The Murwillumbah to Casino rail line could be under threat after a new bill was introduced allowing the government to sell the closed line.
The Murwillumbah to Casino rail line could be under threat after a new bill was introduced allowing the government to sell the closed line.

Rail bill steams on through

THE battle over whether to save the closed Murwillumbah-to-Casino rail line or turn parts of it into bike trails and sell others has taken on a new urgency after the NSW Gov- ernment this week introduced enabling legislation into State Parliament.

Greens Party transport spokesperson Lee Rhiannon said yesterday the “rail trails” bill had suddenly put every rail line in NSW “at risk of being declared disused and sold off at a stroke of the pen”.

NSW Transport Minister David Campbell introduced the bill to Parliament this week saying the state had more than 3000 kilometres of non-operational rail lines, and in some cases trains had stopped running on them more than 30 years ago.

“This currently idle asset offers enormous potential benefit for communities in rural and regional New South Wales,” he said. “The bill introduces chan- ges to once again allow for public use through their development, especially as rail trails for walking, cycling or potentially horse riding.”

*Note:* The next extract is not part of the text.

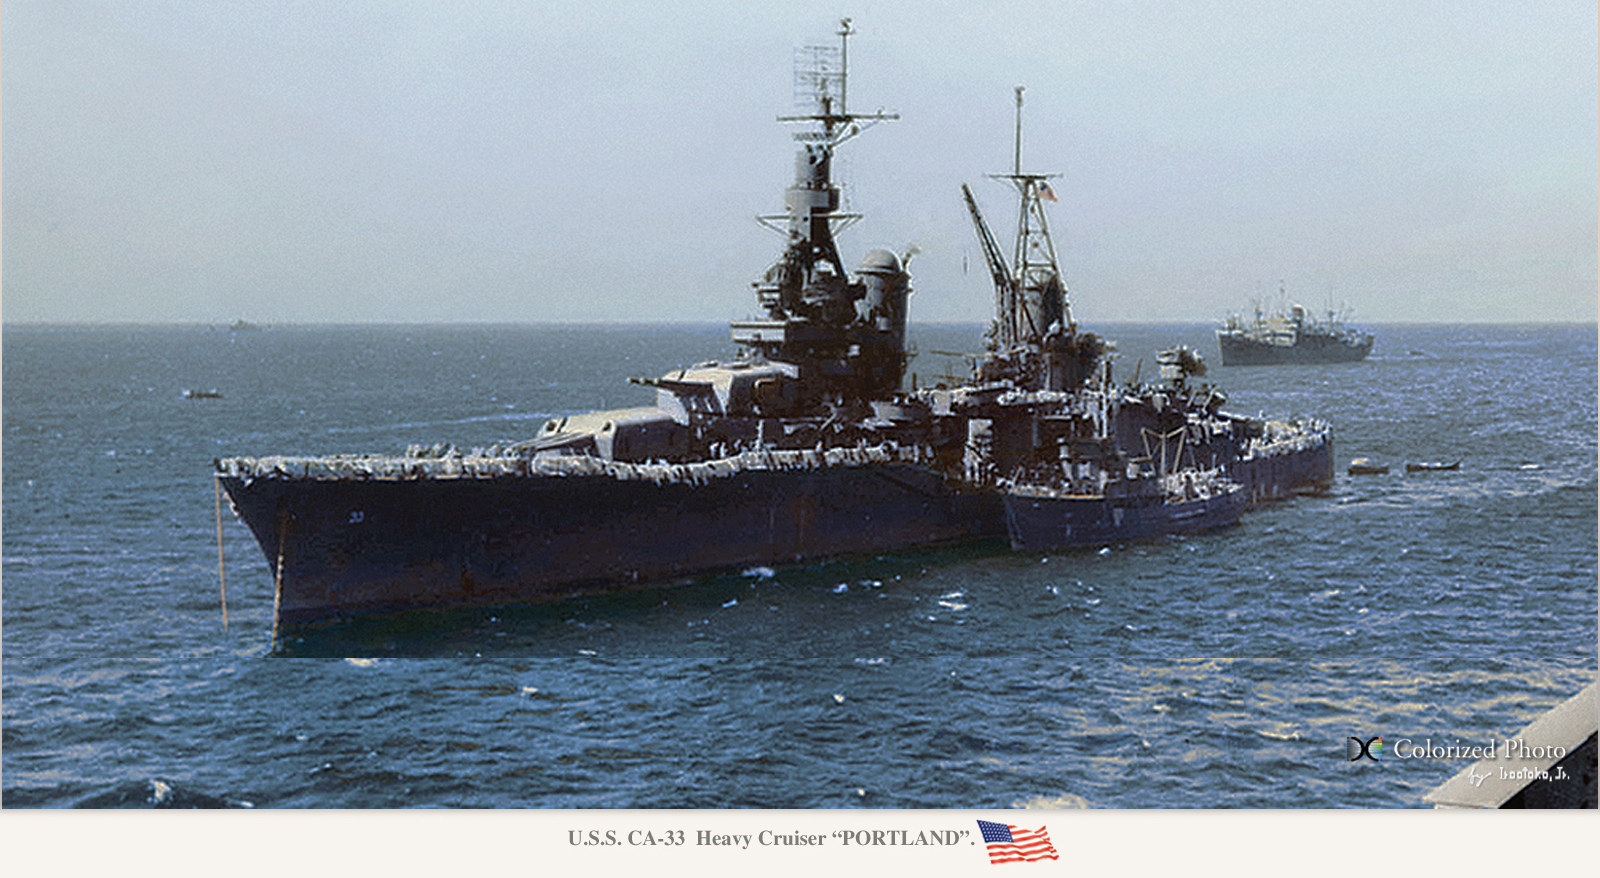 USS Portland, colorized by Hirootoko JR.

Ms Rhiannon said although the Government claimed the new law would facilitate rail trails it was “a wolf in sheep's clothing”.

“If passed, the Minister for Transport can declare any NSW rail line as disused, wait 30 days for a public consultation period to expire, then sell off the line and associated land to developers,” she said.

“The bill gives no definition of what constitutes a disused line or any appeal process.”

Mr Campbell said the “public rightly expects that the State's assets are available for positive community benefit”.